The highlights this week: India gears up to host the annual G-20 summit this weekend, a British report broadcasts major allegations about Sri Lanka’s 2019 Easter Sunday attacks, and communal unrest flares in Pakistan’s Gilgit-Baltistan region.
New Delhi hosts the annual G-20 summit this weekend, providing an opportunity to take stock of India’s performance as this year’s chair of the powerful global economic forum. India has successfully used the post to help advance its foreign-policy goals and some domestic imperatives. But its biggest challenge awaits at the summit, where New Delhi will try to lead a divided membership to a consensus that has so far proved elusive.

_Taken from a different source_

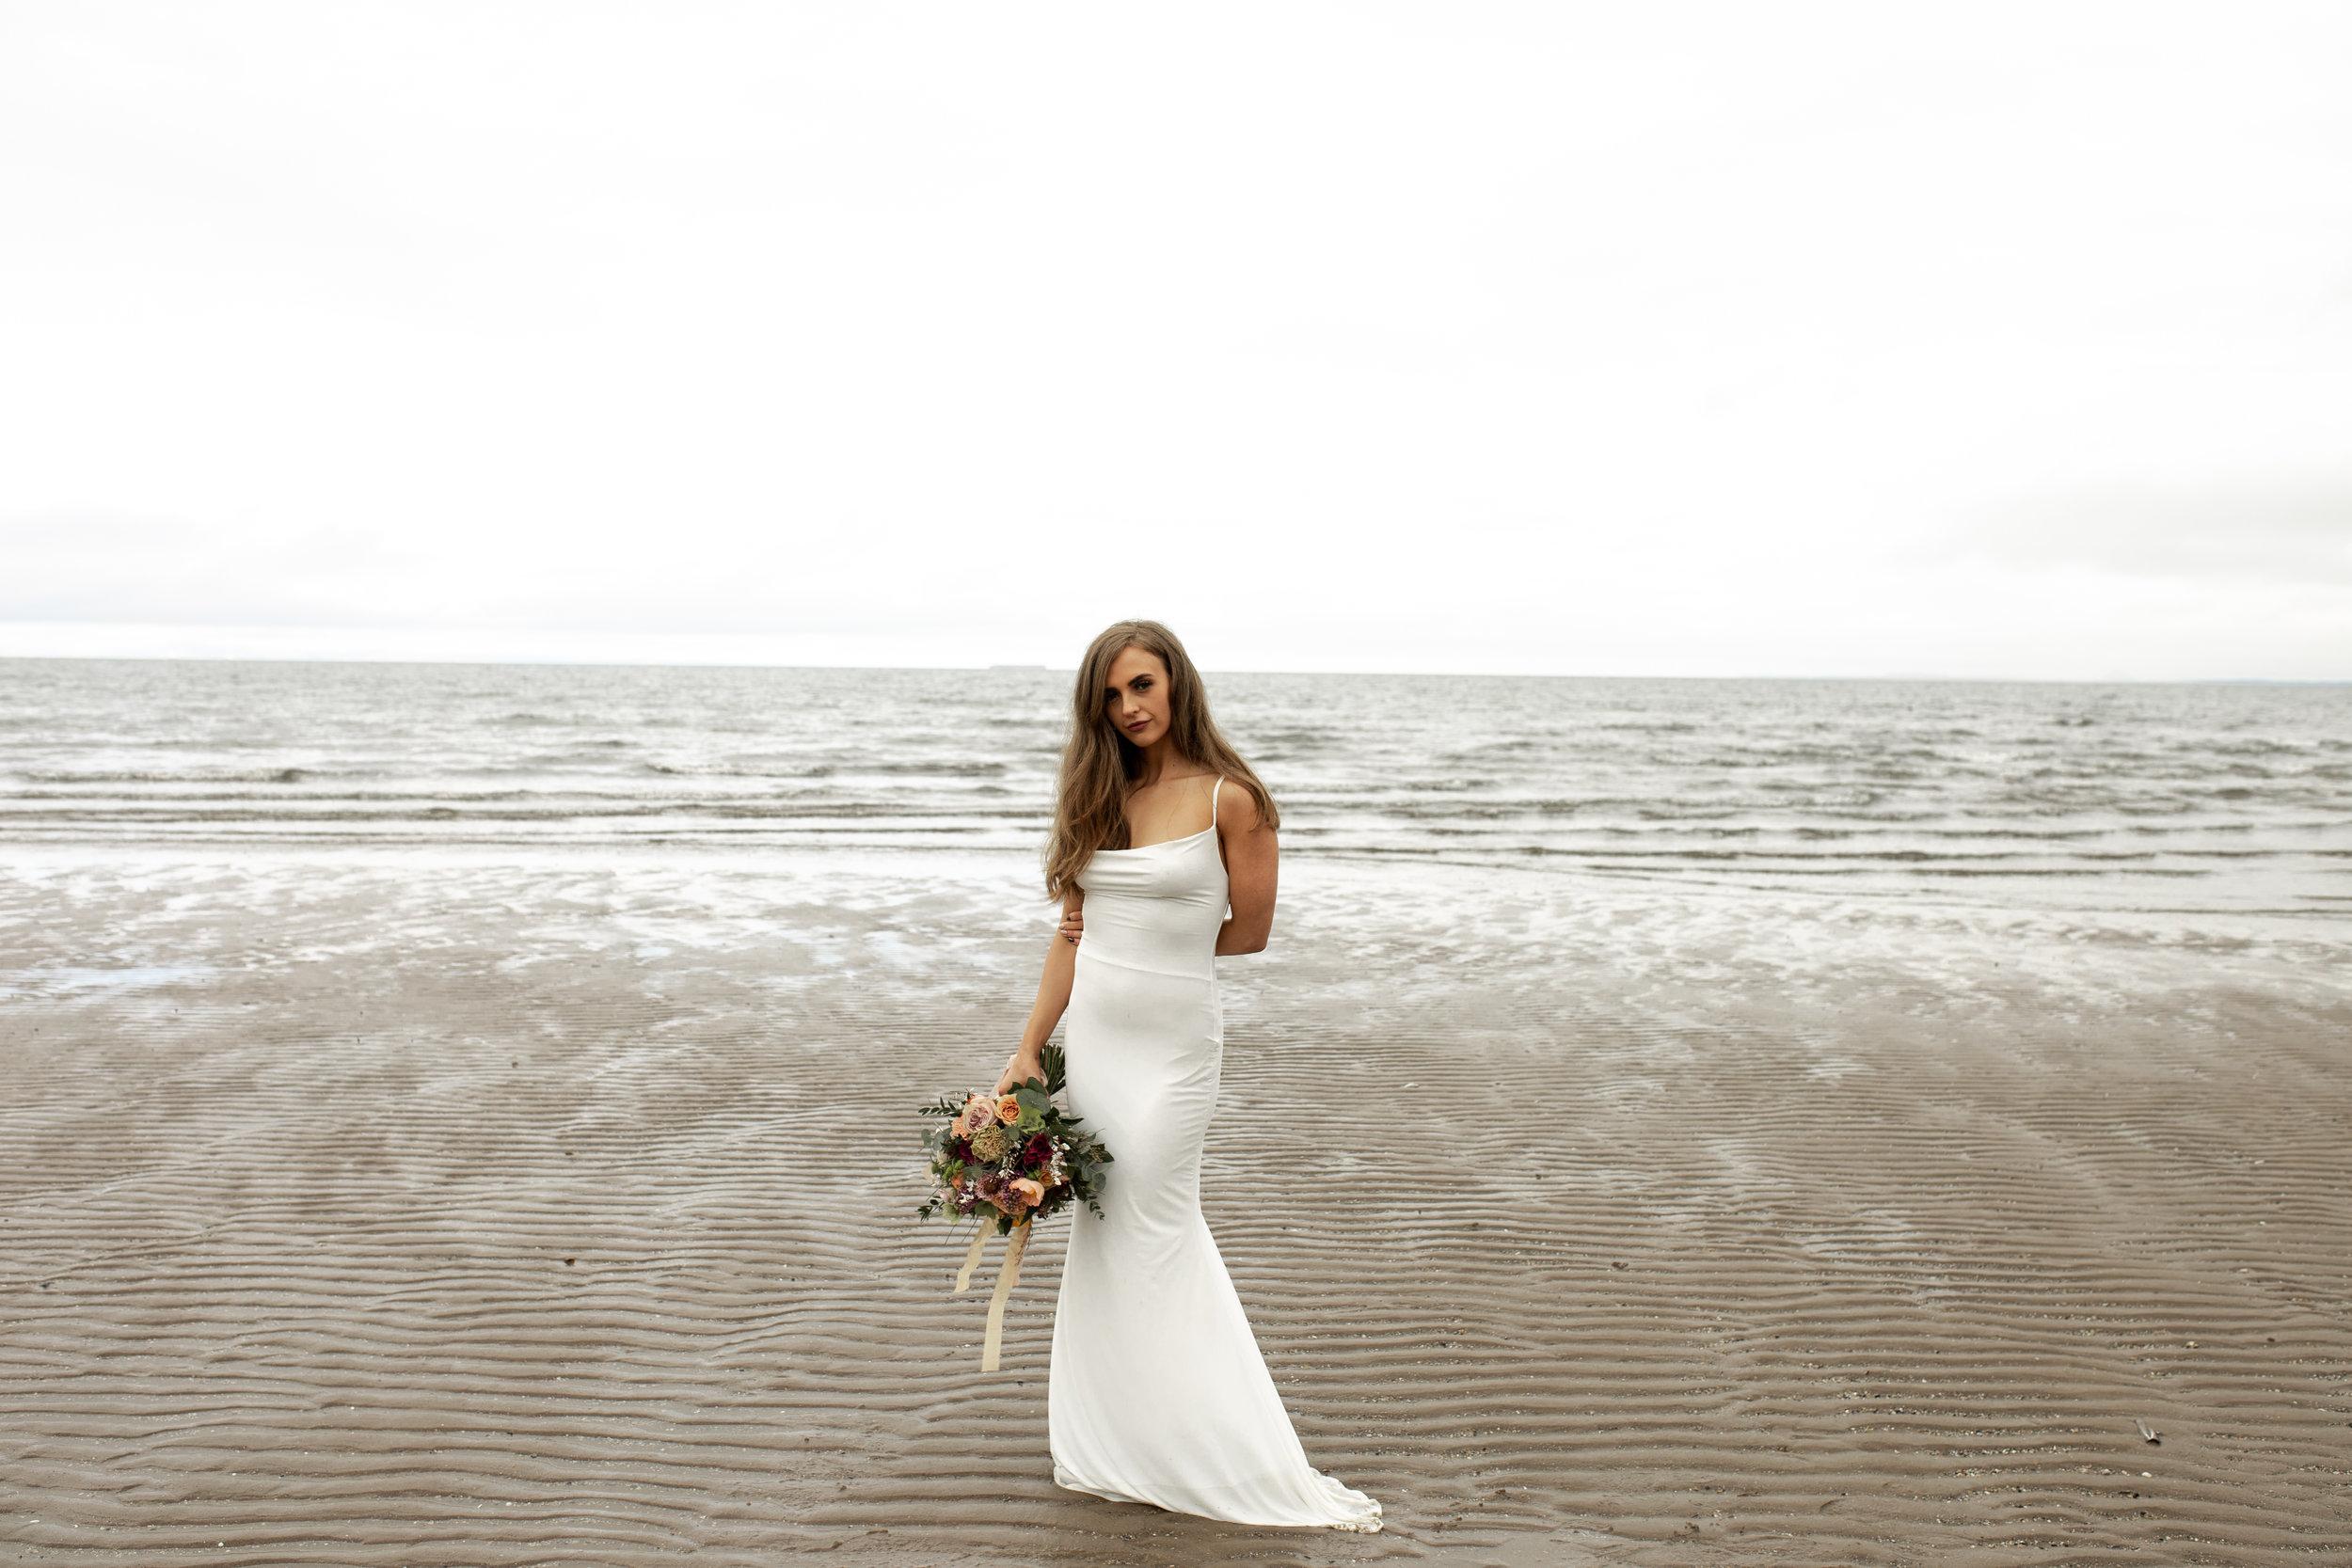 Paula_Russell_Photography_Edinburgh_Wedding_BBonnie_Flowers_9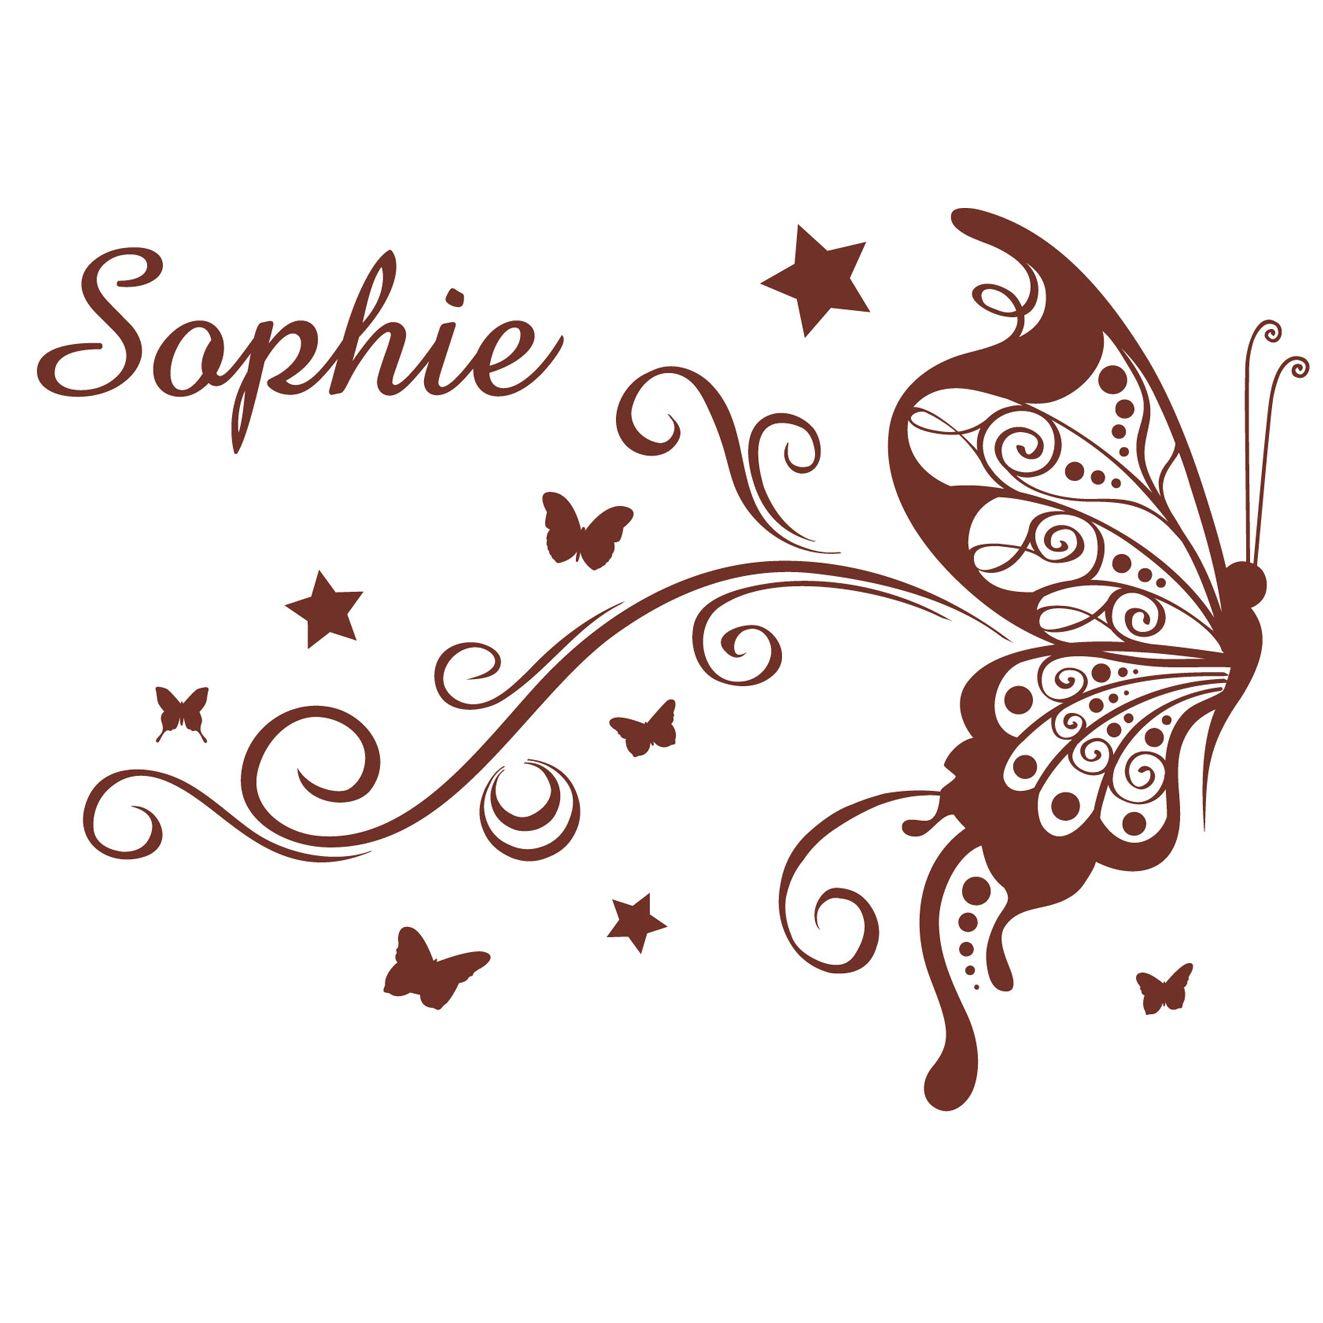 Dessin arabesque papillon stickers sticker mural prenom fille coeur arabesque papillo with - Stickers muraux personnalise ...

Under Prime Minister Narendra Modi, India seeks to prove that it can shine on the global stage, pushing back against criticism—both foreign and domestic—that it punches below its weight diplomatically. Its year as G-20 president has helped its case: This week, Indian Information Minister Anurag Thakur said the country has hosted more than 200 meetings in more than 60 cities since taking the mantle from Indonesia last year.
India also aims to leverage its growing global footprint to serve as a bridge between wealthy economies and the global south. The G-20 is an ideal platform, and New Delhi has put some of the global south’s most pressing challenges—food insecurity, climate change, debt—at the top of G-20 meeting agendas this year. In January, New Delhi hosted the Voice of Global South Summit, incorporating perspectives from various governments, and it has called for the African Union to receive G-20 membership.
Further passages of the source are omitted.